Annesi çağırınca, hayal dünyasından apar topar çıkan çocuk omzunda kalan renkleri silkeledi. Derin bir nefes aldı ve siyah beyaz hayatın içine nefessiz daldı...

                                                              " Hayalleri baltalamak- meldazirek "

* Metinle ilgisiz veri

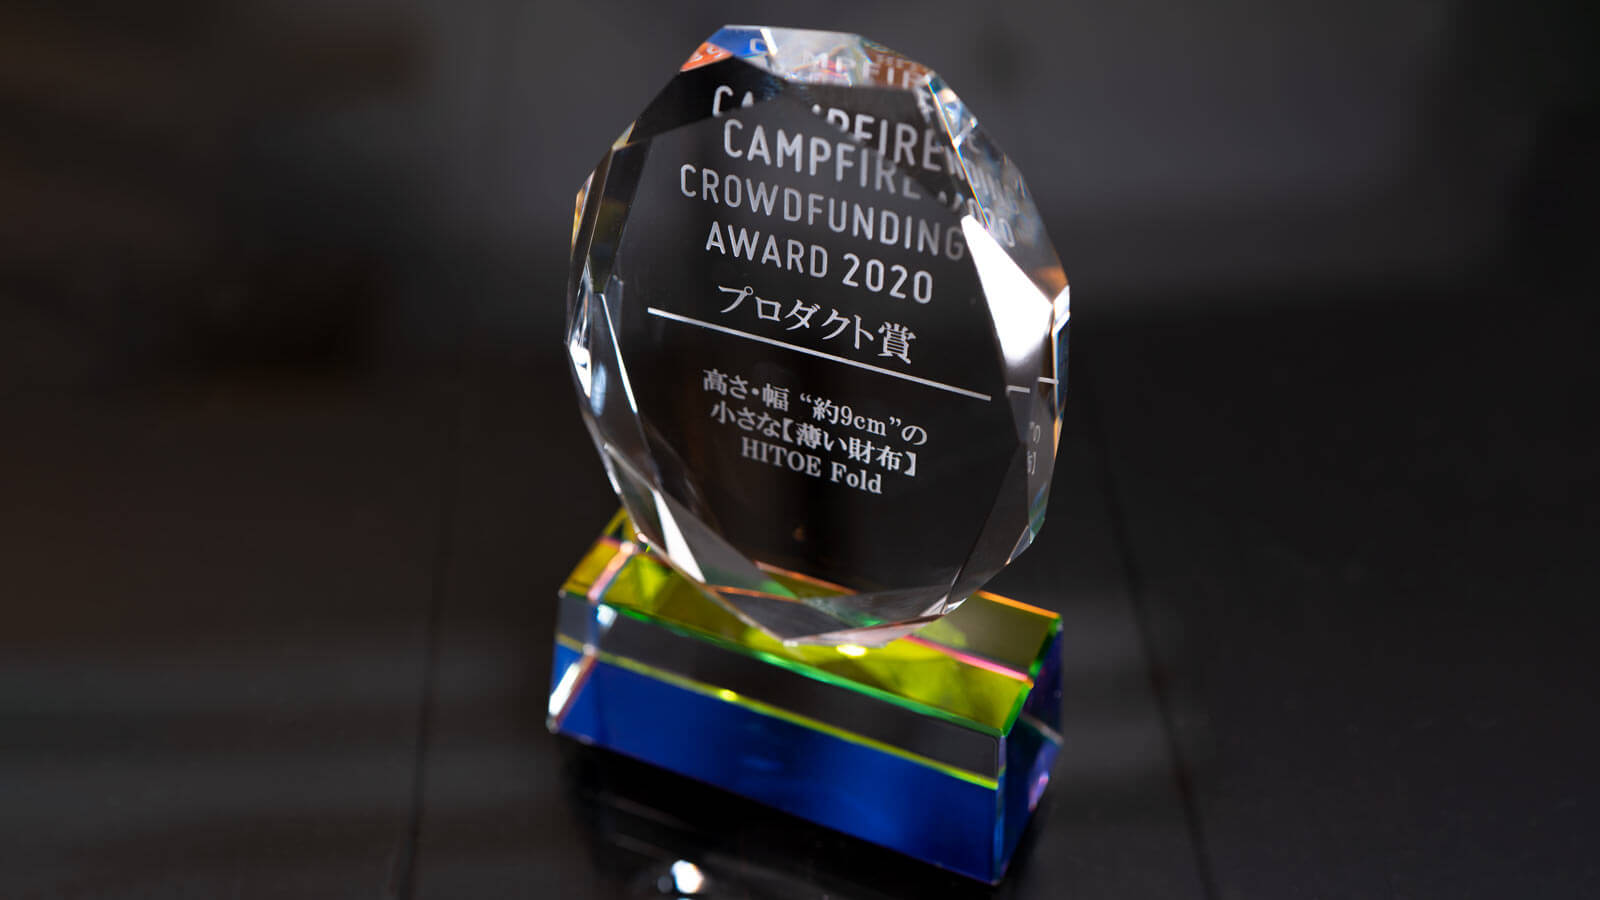 CAMPFIREクラウドファンディングアワード2020受賞

                                                           *

Yine bekliyor seni evinin kapısında

Yalnızlığın

              Ayrılığın

                            Dalgınlığın

Yine göğü yararak

Olmayan sevgililerime veda öpücüğü atarak

Yaklaşacağım

Uzaklaştığım sandığım demir perdeli odama

Sağ elim hafif titrek

Yüreğimde henüz sönmeyen

Harlı, yarlı, karlı...

Selam vereceğim

Şehrin kalıntılarına

Paris'e selam

Ve de

Paris'ten selam götüreceğim

Dostlara!

Aklıma Beşiktaş gelecek

Üç saatlik ülke ayrımını

Belirleyen zamanla

Tahta taburede

Üsküdar’a, Beylerbeyi’ne, Kadıköy’e

Cigaramın dumanını savuracağım.

Vapurlar olanca cazibesiyle

Alımı, çalımıyla

Kuyruk sallayacak

Canım çekecek

Bir simit, bir çayın hatırına

Dalgalanacağım

Savrulacağım

Ağlayacağım.

Çünkü aklıma üç saat öncesi gelecek

Paris'te

Bir restoranda

Yediğim Sarımsak soslu

Beyaz şaraba batırılmış karides gelecek.

Tanımadık bir ses afiyet olsun diyecek.

Sağ ol deyip ineceğim Eminönü’nde.

                                              *

Şiir tadında bir hafta diliyorum.

Sevda kaçsın çayınıza.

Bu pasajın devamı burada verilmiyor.